• [Data extracts]:
*** Block opens ***

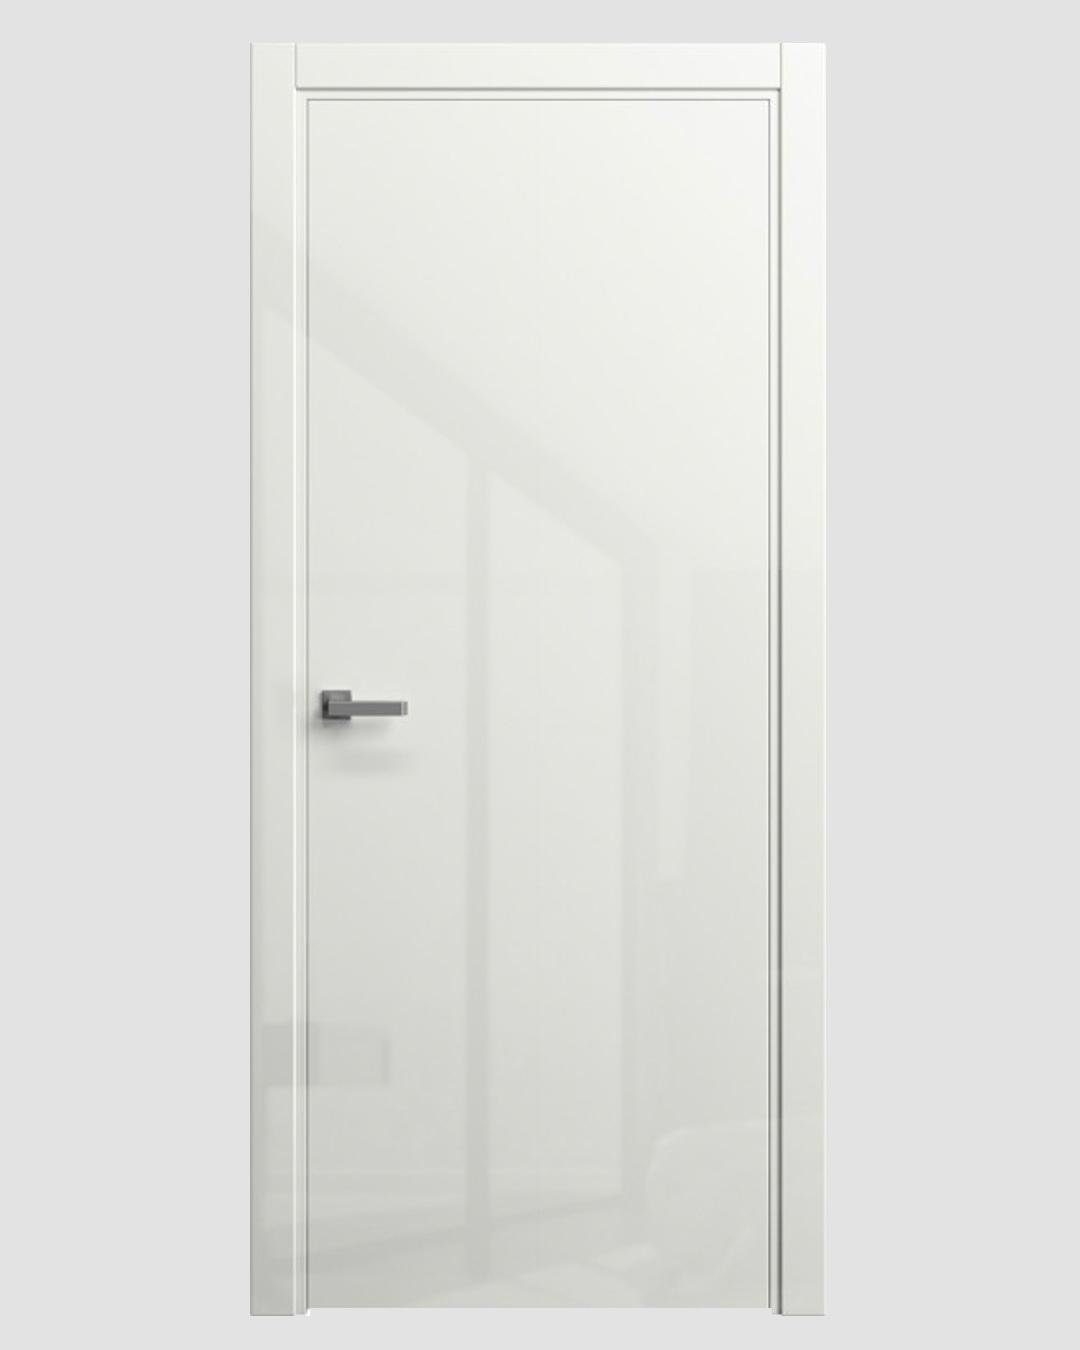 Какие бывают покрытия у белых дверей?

*** Block closes ***
*** Block opens ***

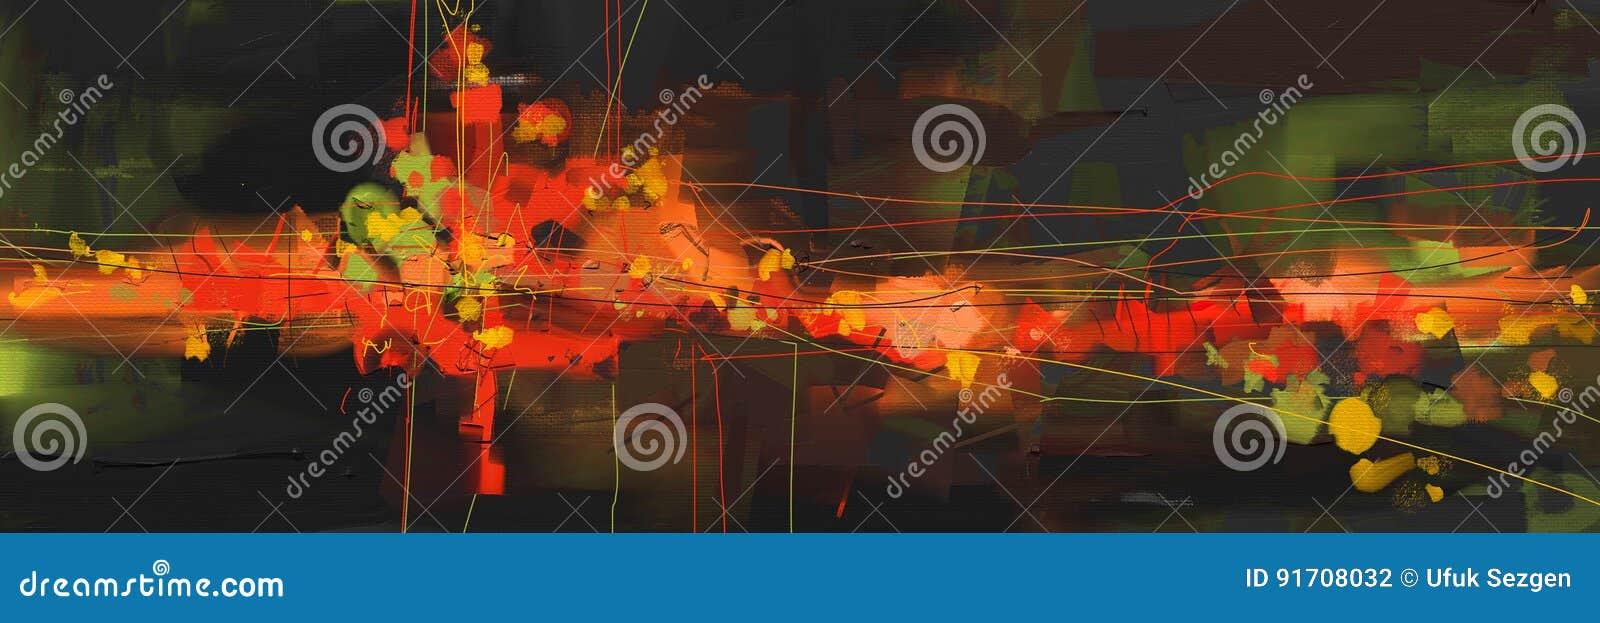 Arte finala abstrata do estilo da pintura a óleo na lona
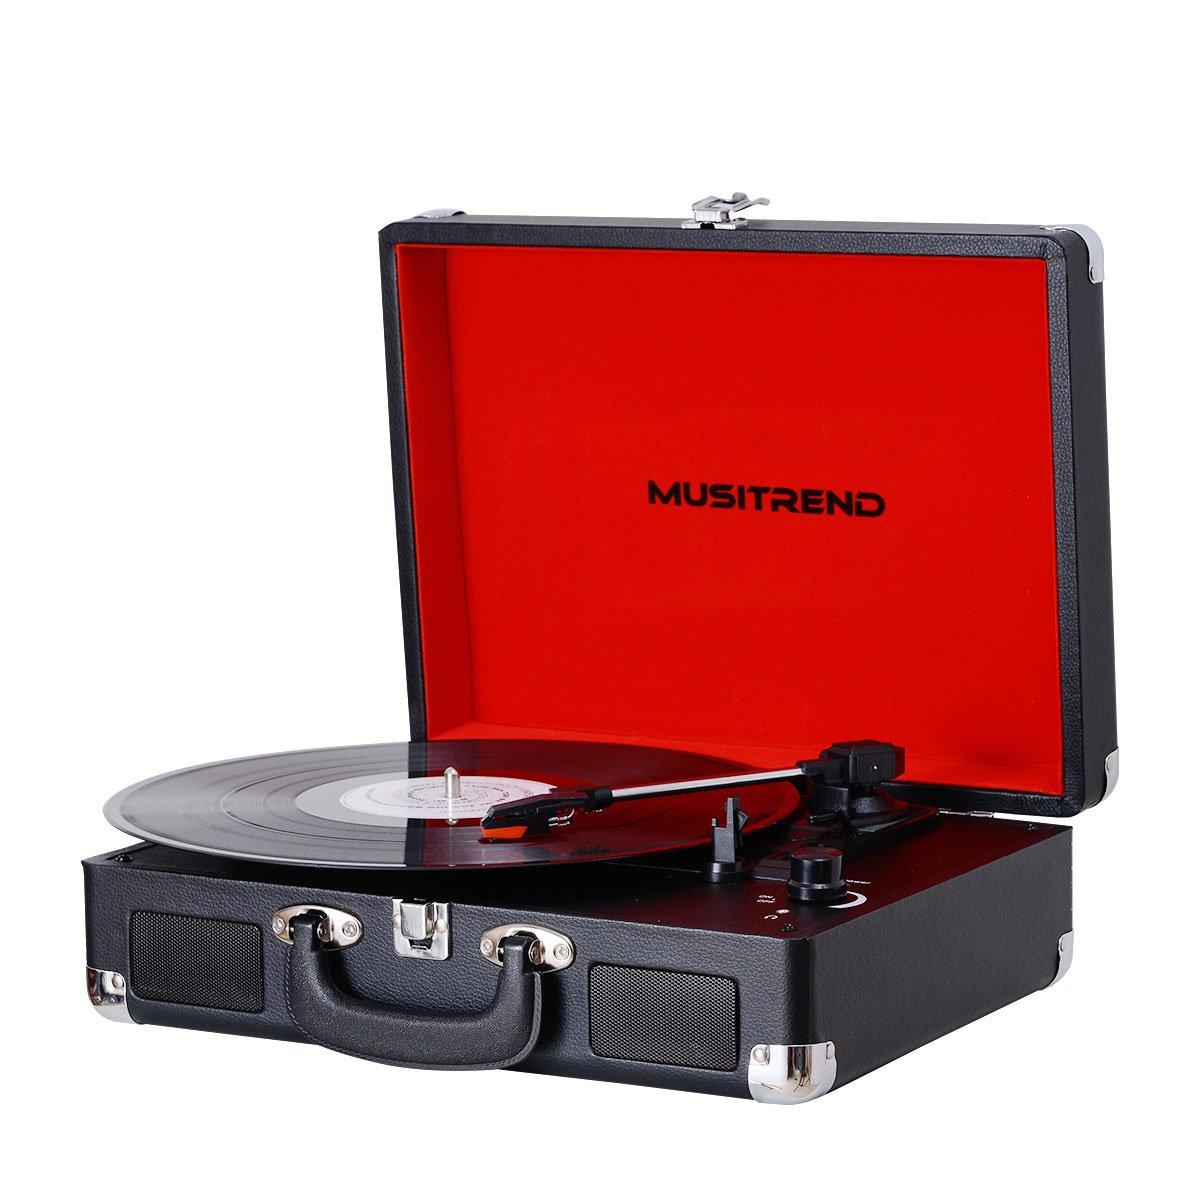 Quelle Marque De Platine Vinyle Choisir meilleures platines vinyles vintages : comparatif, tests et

*** Block closes ***

• [Exercise goal]:
From the records above, copy exactly the stretch from the line holding "Arte finala abstrata" through the line holding "Quelle Marque De", both ends included, without the pictures.

• [Expected answer]:
 Arte finala abstrata do estilo da pintura a óleo na lona
 Quelle Marque De Platine Vinyle Choisir meilleures platines vinyles vintages : comparatif, tests et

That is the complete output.